His family was in possession of the fort Qamus, situated near Khaybar. Like most of the Medina Jews, he took part in the quarrels between the two Arab tribes of that town, and was present at the battle of Bu'ath, 617, which took place in the territory of the Banu Qurayza.
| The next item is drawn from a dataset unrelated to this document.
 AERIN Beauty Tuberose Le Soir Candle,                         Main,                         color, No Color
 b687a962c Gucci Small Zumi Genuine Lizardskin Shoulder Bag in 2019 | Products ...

Al-Rabi was a poet of note. He had a contest at capping verses with the famous Arabic poet, al-Nabighah, the latter reciting one hemistich, while Al-Rabi had to supply the next, keeping to the same meter and finding a rhyme. He has been credited with the authorship of other poems, but upon dubious authority. One of these poems used to be recited by Abun, the son of the Caliph Uthman. From its contents, however (it criticizes the folly of his own people), it seems more likely to have been written by one of Abun's sons, who bore the same name as Al-Rabi. It might, then, have been composed after the submission of the Banu Qurayza.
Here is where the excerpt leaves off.